◆ EXERCISE DATA

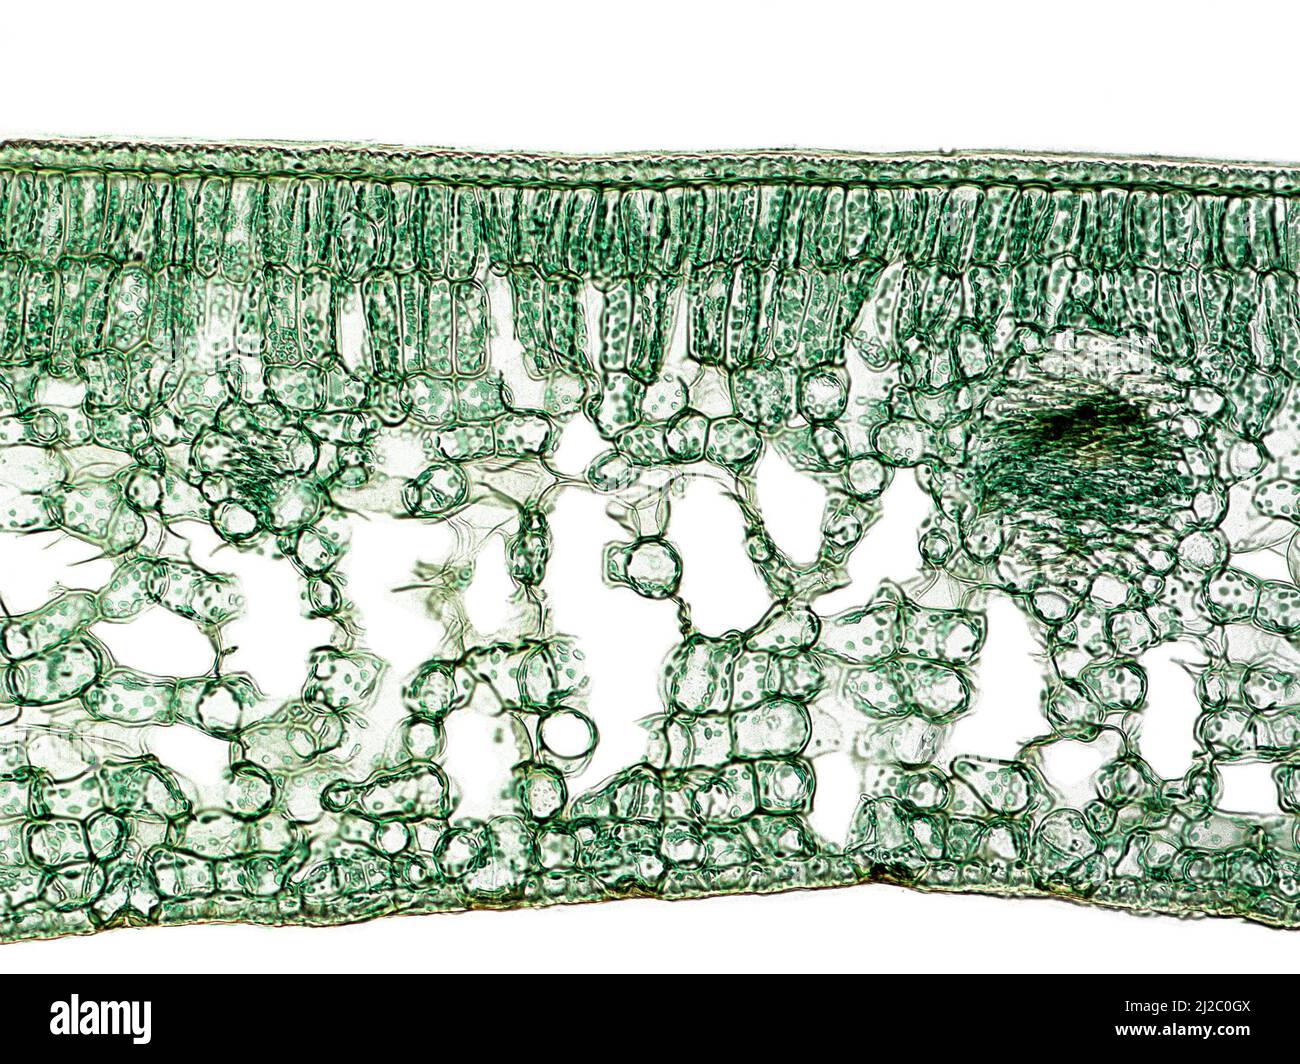 Querschnitt eines Kamelienblattes, das ihre allgemeine innere Struktur zeigt (Nagelhaut, Palisade-Parenchym, schwammiges Parenchym, Gefäßbündel). Stockfoto
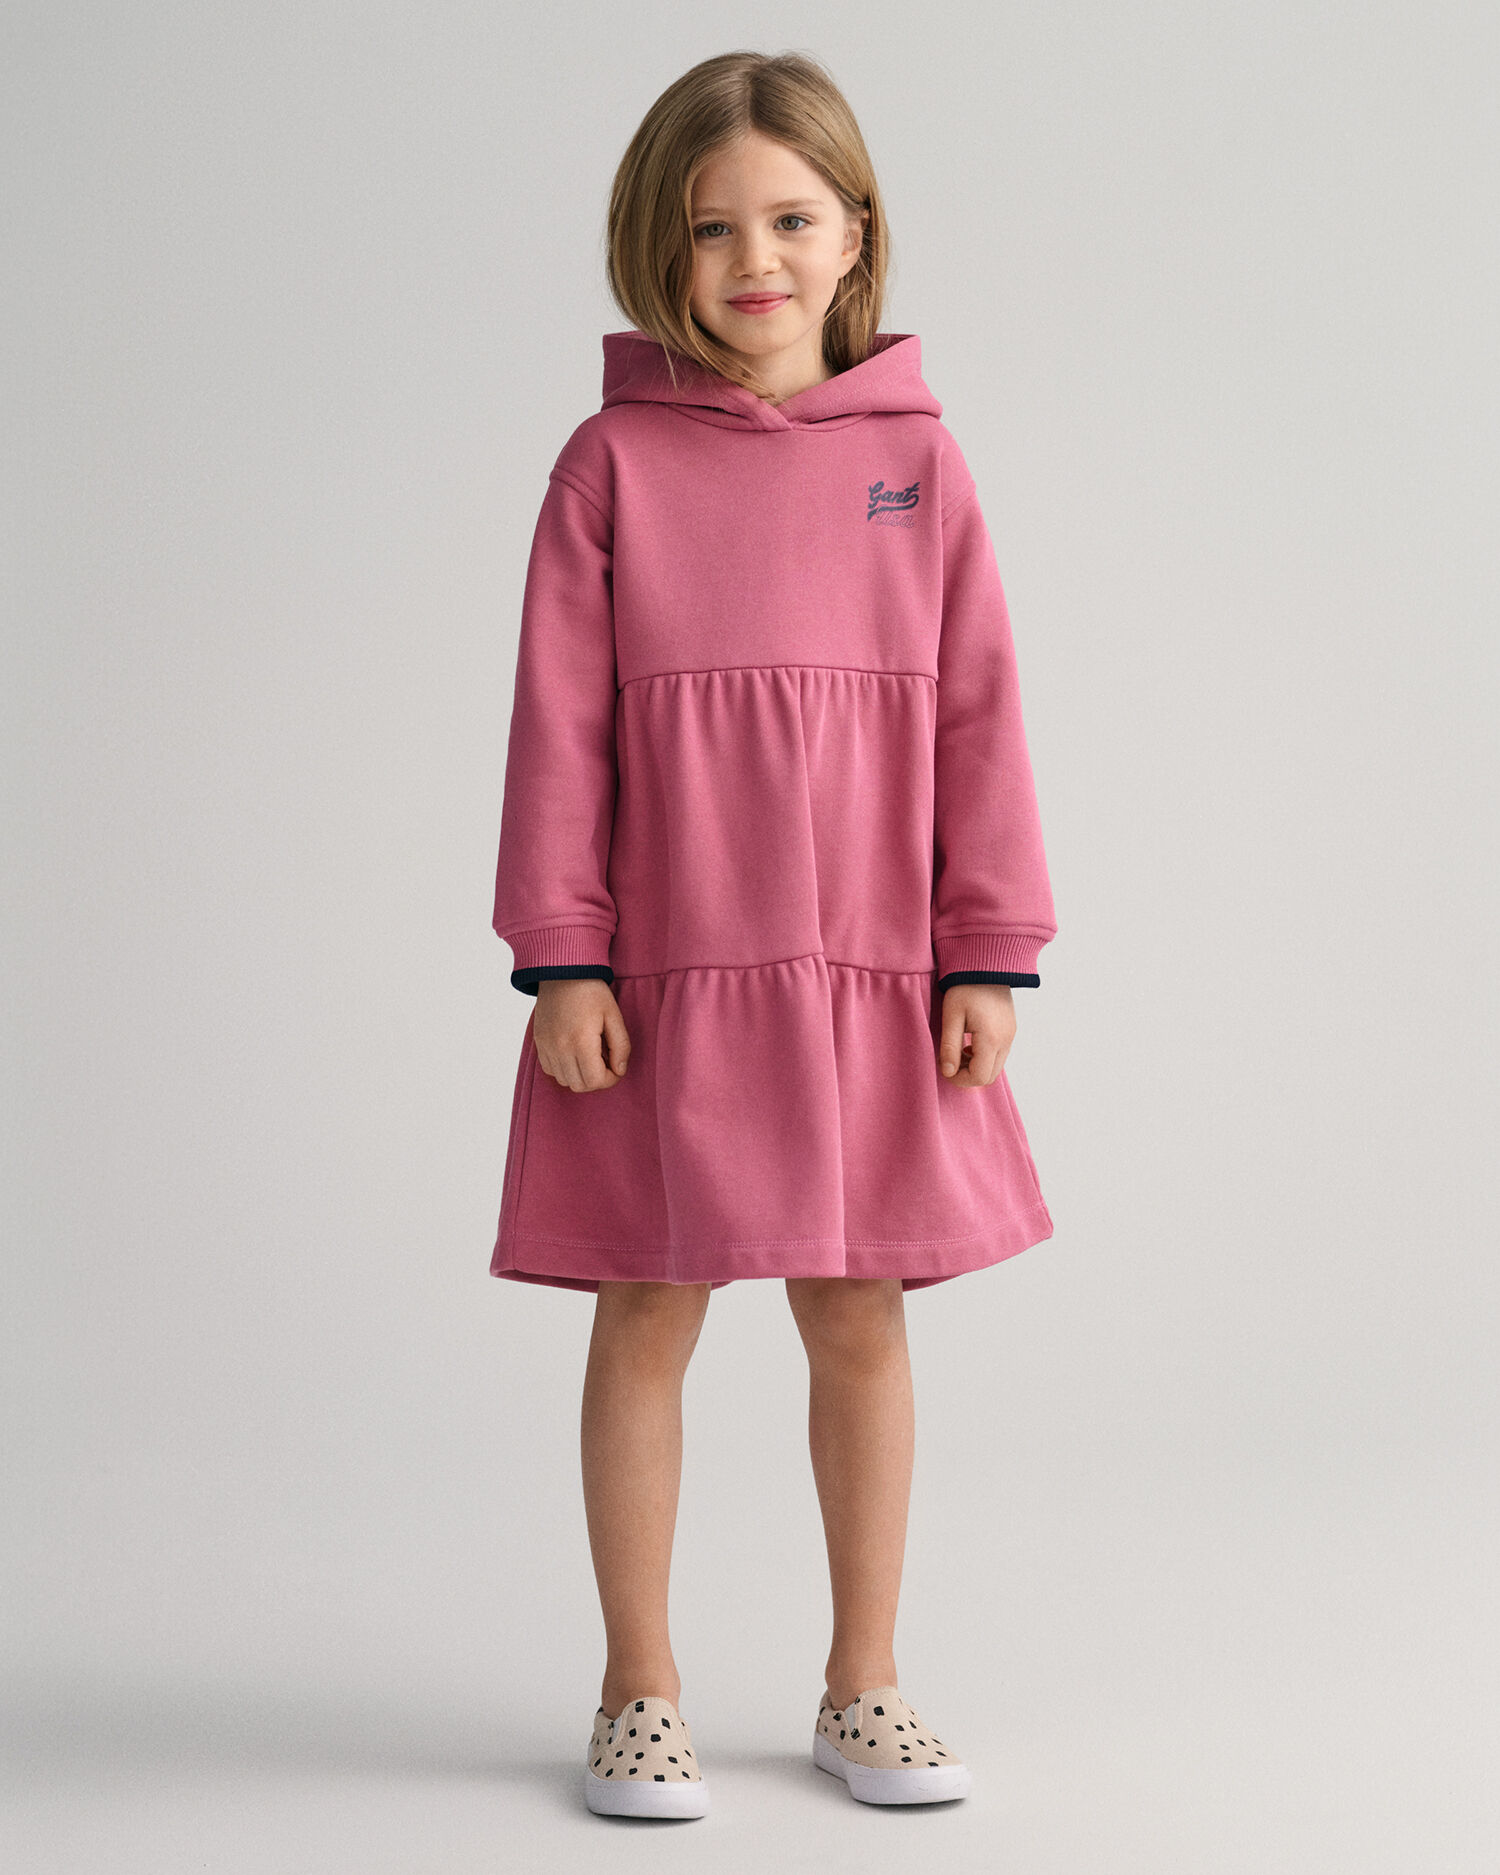 Girls hooded dress | Garments Manufacturer | Kalauren.com
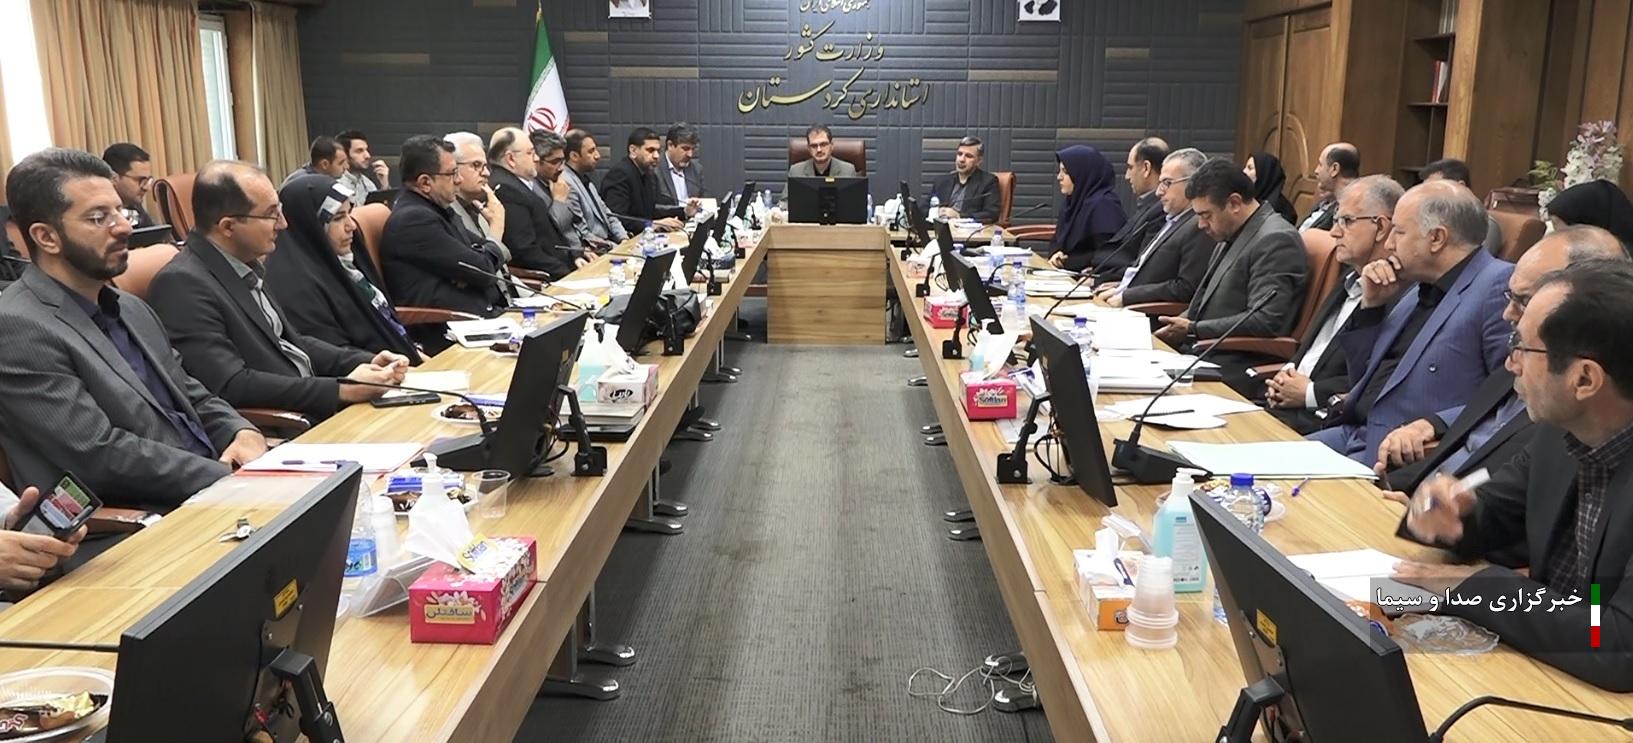 برگزاری جلسه شورای برنامه ریزی وتوسعه با محوریت برداشت گندم در استان کردستان
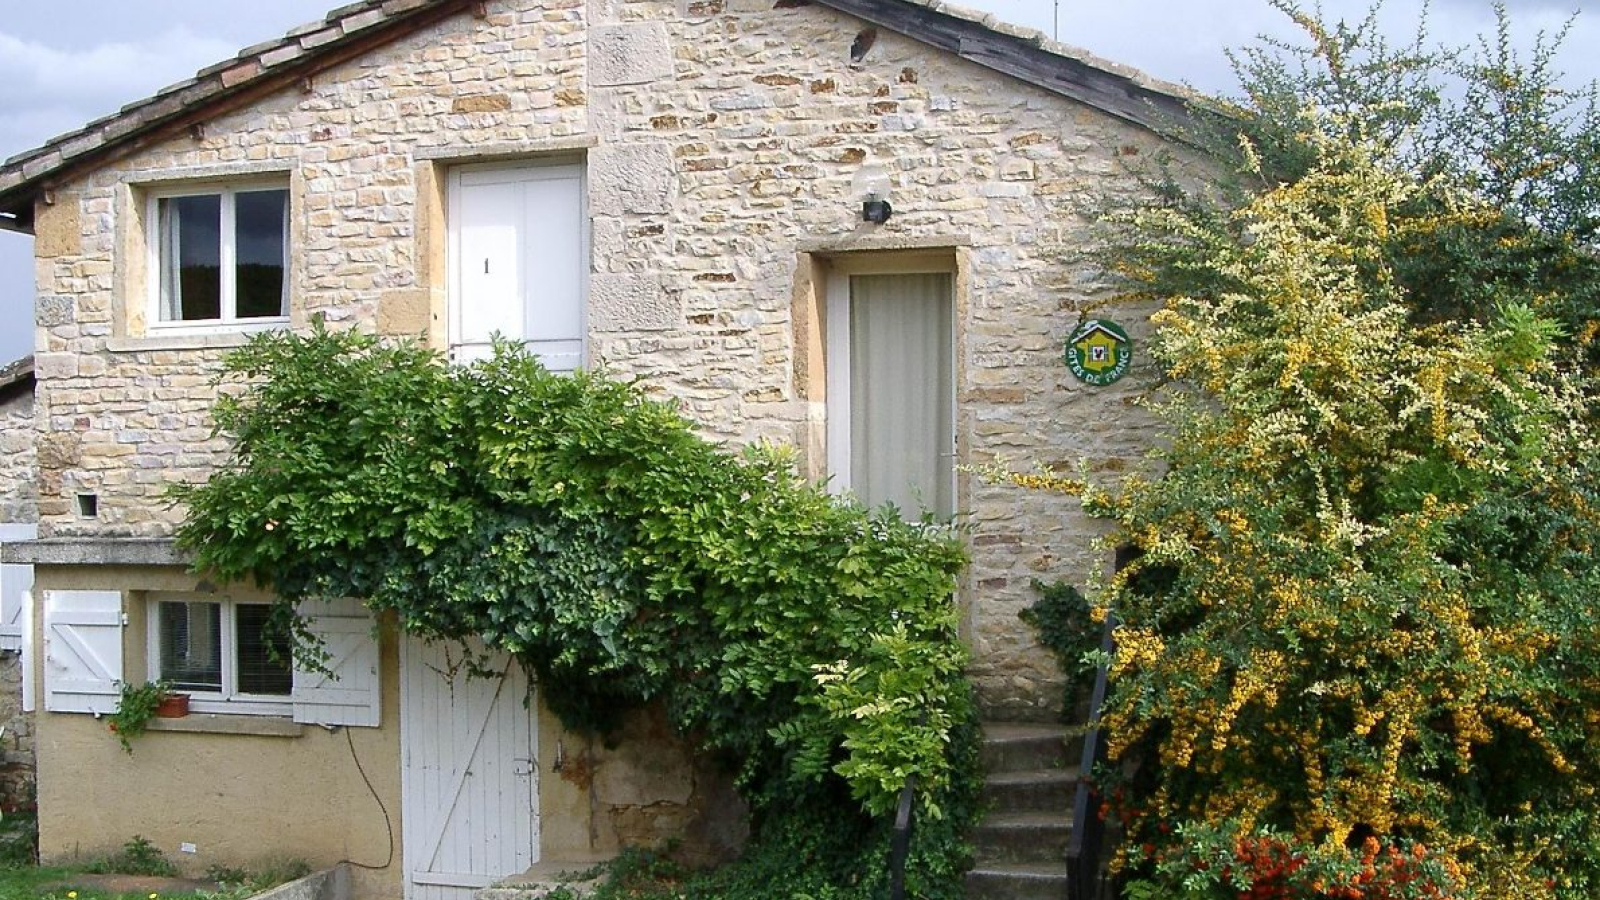 Le 'Domaine Albert' : 3 Gîtes et 3 Chambres d'Hôtes à Pommiers dans le Beaujolais - Rhône.
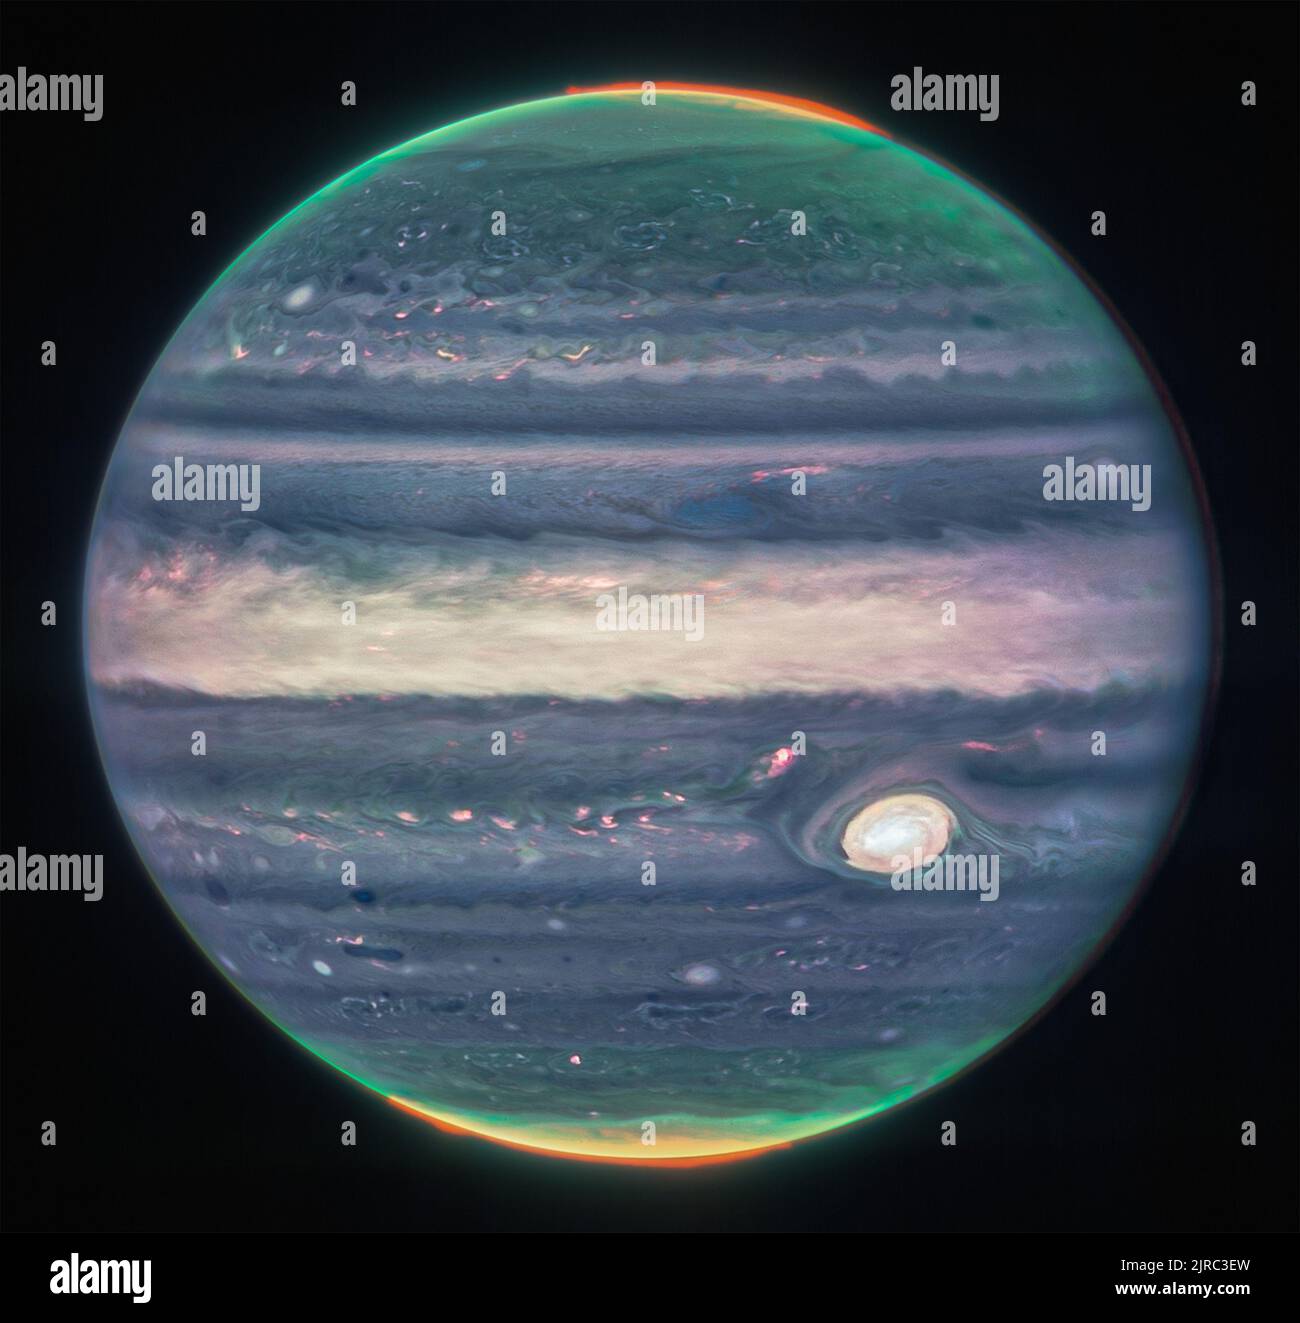 Das James Webb Space Telescope der NASA hat neue Bilder von Jupiter aufgenommen und zeigt die riesigen Stürme, starken Winde, Auroren und extremen Temperatur- und Druckbedingungen des Planeten. Die beiden Bilder stammen von der Nahinfrarot-Kamera (NIRCam) des Observatoriums, die über drei spezielle Infrarotfilter verfügt, die Details des Planeten zeigen. Da Infrarotlicht für das menschliche Auge unsichtbar ist, wurde das Licht auf das sichtbare Spektrum abgebildet. Im Allgemeinen erscheinen die längsten Wellenlängen röter, und die kürzesten Wellenlängen werden blau dargestellt. Kredit: UPI/Alamy Live Nachrichten Stockfoto

◆ BRIEF
Write every entry out again exactly, dropping the pictures.

◆ EXPECTED OUTPUT
 Querschnitt eines Kamelienblattes, das ihre allgemeine innere Struktur zeigt (Nagelhaut, Palisade-Parenchym, schwammiges Parenchym, Gefäßbündel). Stockfoto
 Girls hooded dress | Garments Manufacturer | Kalauren.com
 برگزاری جلسه شورای برنامه ریزی وتوسعه با محوریت برداشت گندم در استان کردستان
 Le 'Domaine Albert' : 3 Gîtes et 3 Chambres d'Hôtes à Pommiers dans le Beaujolais - Rhône.
 Das James Webb Space Telescope der NASA hat neue Bilder von Jupiter aufgenommen und zeigt die riesigen Stürme, starken Winde, Auroren und extremen Temperatur- und Druckbedingungen des Planeten. Die beiden Bilder stammen von der Nahinfrarot-Kamera (NIRCam) des Observatoriums, die über drei spezielle Infrarotfilter verfügt, die Details des Planeten zeigen. Da Infrarotlicht für das menschliche Auge unsichtbar ist, wurde das Licht auf das sichtbare Spektrum abgebildet. Im Allgemeinen erscheinen die längsten Wellenlängen röter, und die kürzesten Wellenlängen werden blau dargestellt. Kredit: UPI/Alamy Live Nachrichten Stockfoto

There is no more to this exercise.